Percakapan masih terus berlanjut. Tapi aku sudah tak menghiraukannya. Aku sudah tahu kesimpulannya. Jadi, kesurupan dan desas-desus Si Nambo itu hanya cerita yang dibuat-buat agar sungai itu bisa dibuat tempat wisata arung jeram? Aku tidak tahu bagaimana mengungkapkan kekesalanku ini. Mengapa harus bersandiwara? Apa karena mereka takut ditentang masyarakat yang masih awam dan berpikiran kolot? Mereka memang terlalu.
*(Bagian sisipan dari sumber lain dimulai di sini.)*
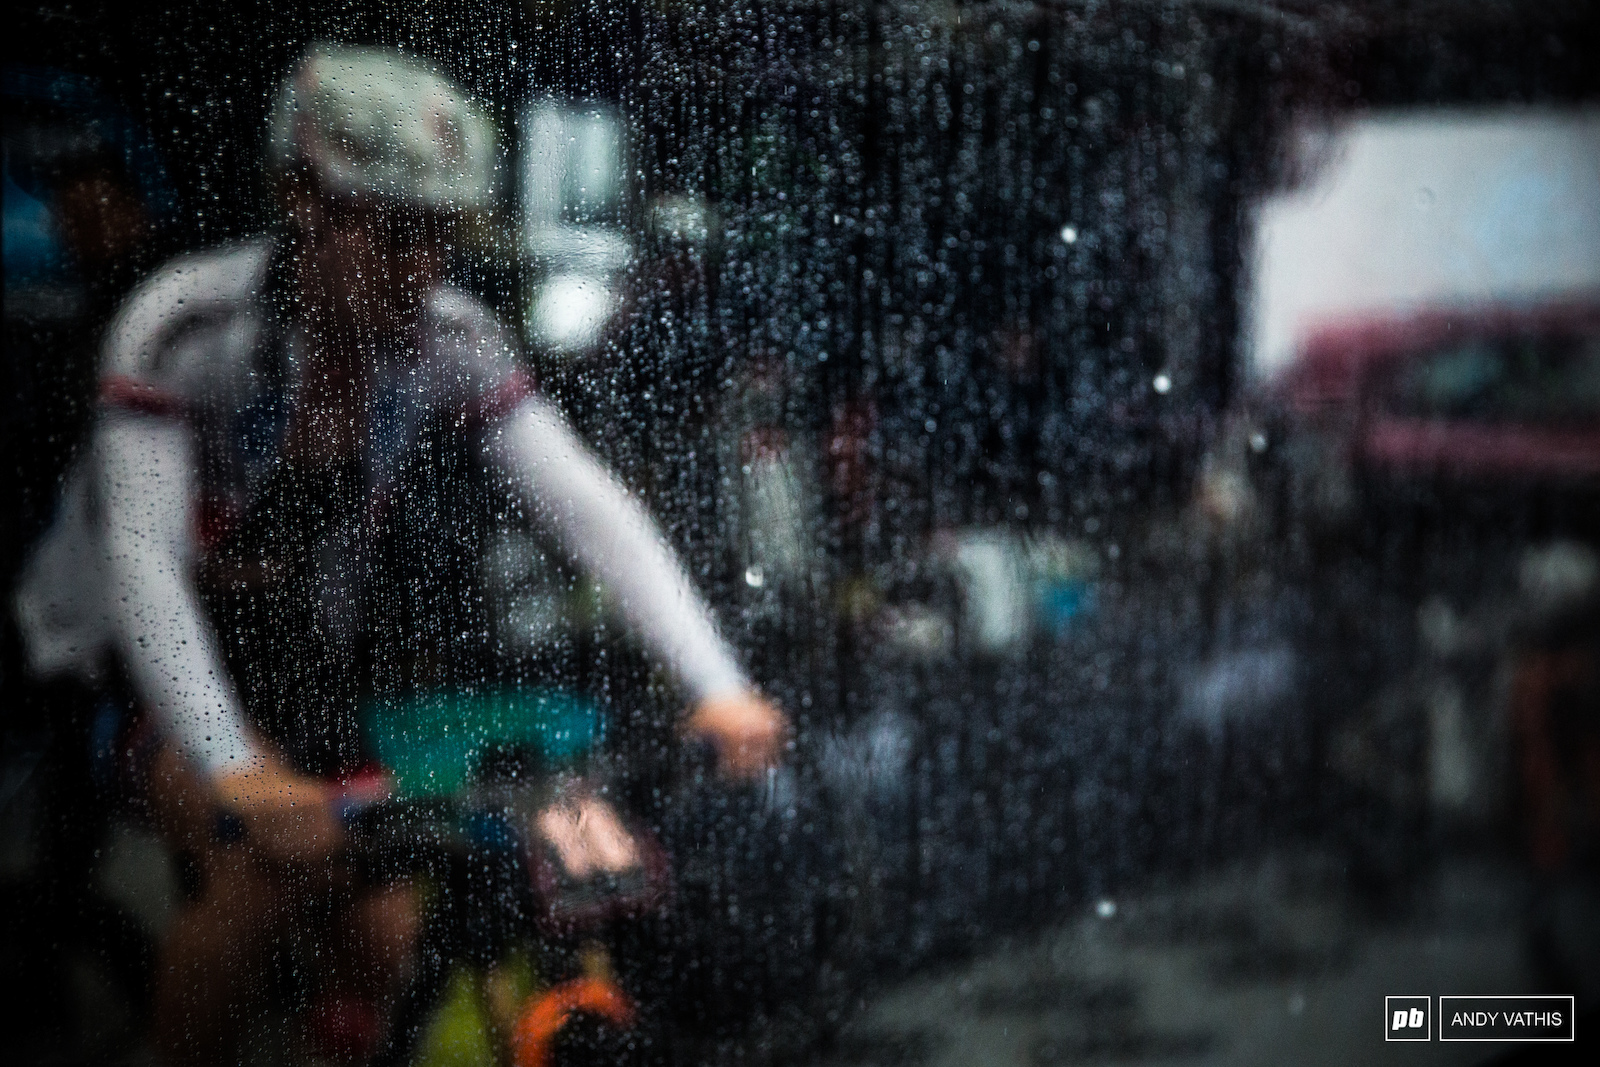 The rain began to fall heavy as soon as the women s field began their warm ups.

Mereka telah menghancurkan hari-hari kami yang penuh kegembiraan bersama Si Nambo dengan sandiwara murahan itu. Ingin rasanya aku segera memberi tahu teman-temanku. Sayangnya, tak ada waktu lagi. Besok pagi-pagi sekali aku harus segera berangkat bersama pamanku. Hingga akhirnya aku meninggalkan kampungku dan tidak pernah tahu apakah rahasia itu sudah terkuak atau belum.
***
Aku melihat sekali lagi ke sekelilingku. Segalanya sudah berubah setelah hampir lima tahun aku tidak pulang. Aku hanya berdiri. Membiarkan semua gelegak rasa kerinduanku menyatu bersama tempat ini. Entah dengan cara apa aku bisa mengungkapkannya. Terlalu kecewa, pun terlalu rindu. Kecewa dengan cara yang dilakukan untuk semua ini.
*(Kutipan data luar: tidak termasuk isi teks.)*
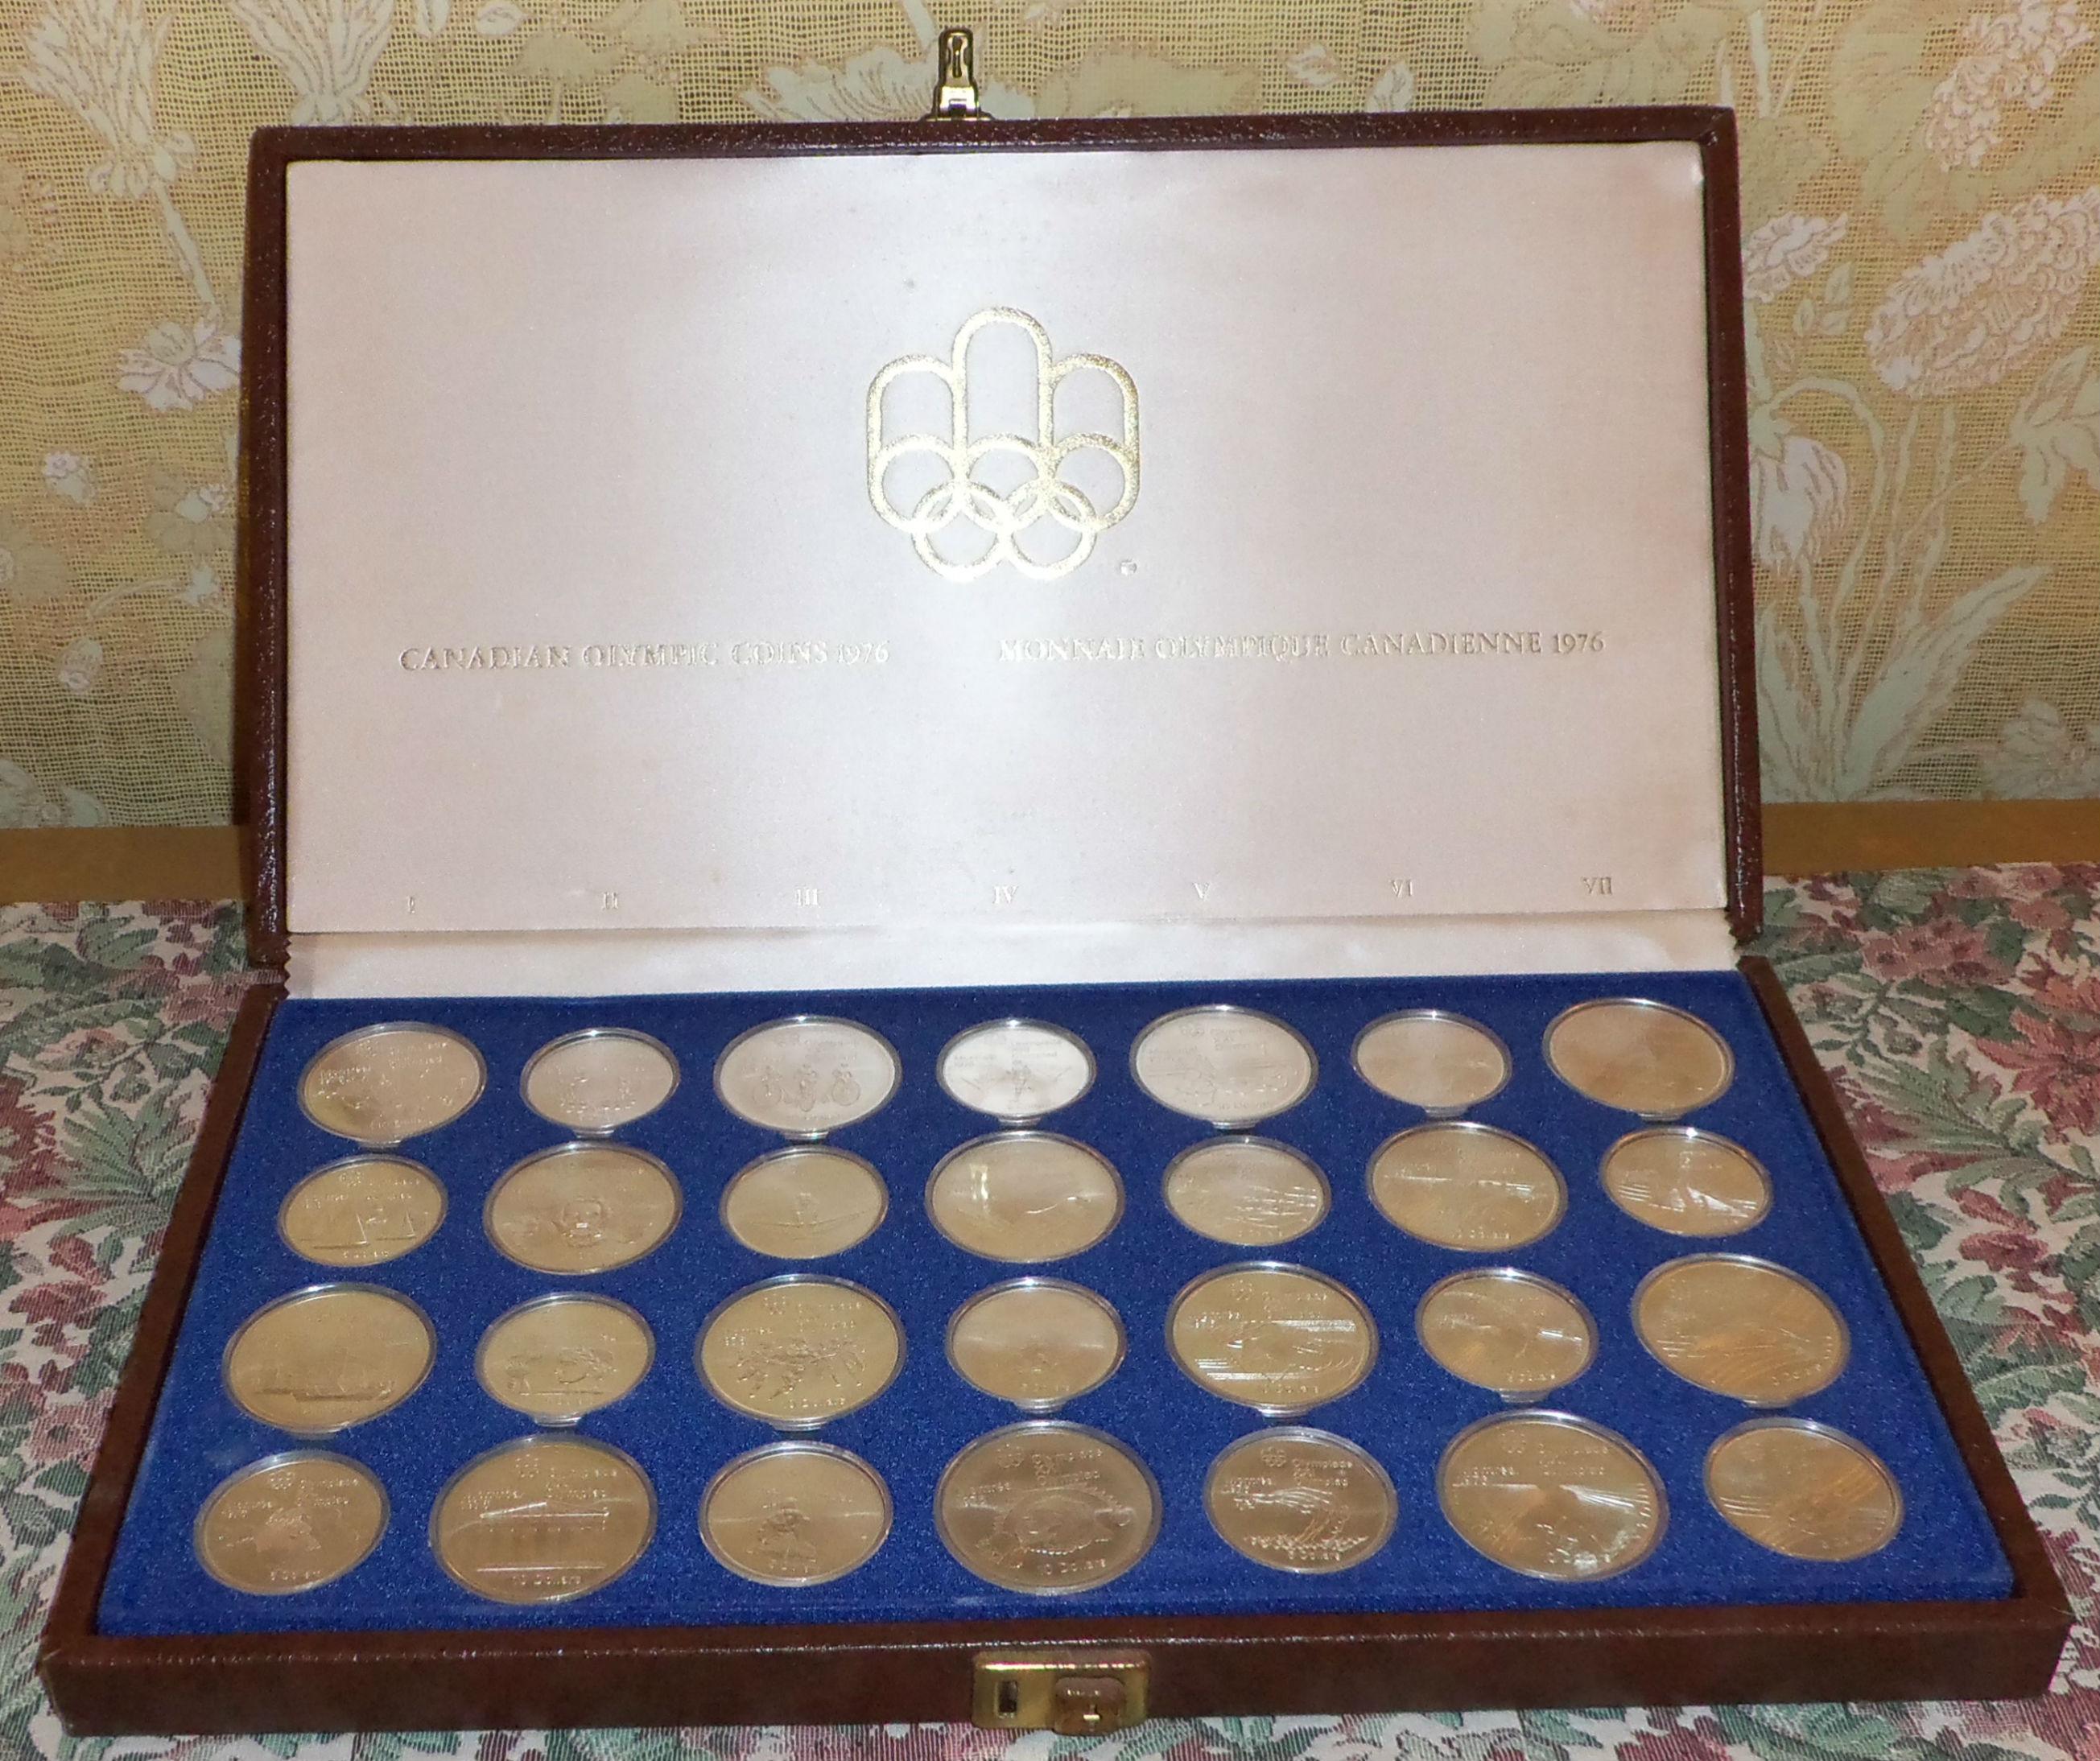 Value Of Canada 1976 Montreal Olympics Xxi Olympiad 28

Mengapa harus dengan cara naif itu. Tak adakah cara yang lebih bijak dan mendidik? Apalagi untuk hal yang prospektif seperti ini. Aku kembali menatap plang baliho besar itu yang bertuliskan "Selamat Datang di Objek Wisata Arung Jeram Sungai Ciberang". Aku mendesah. Barangkali hanya Si Nambo yang mengerti arti rindu ini.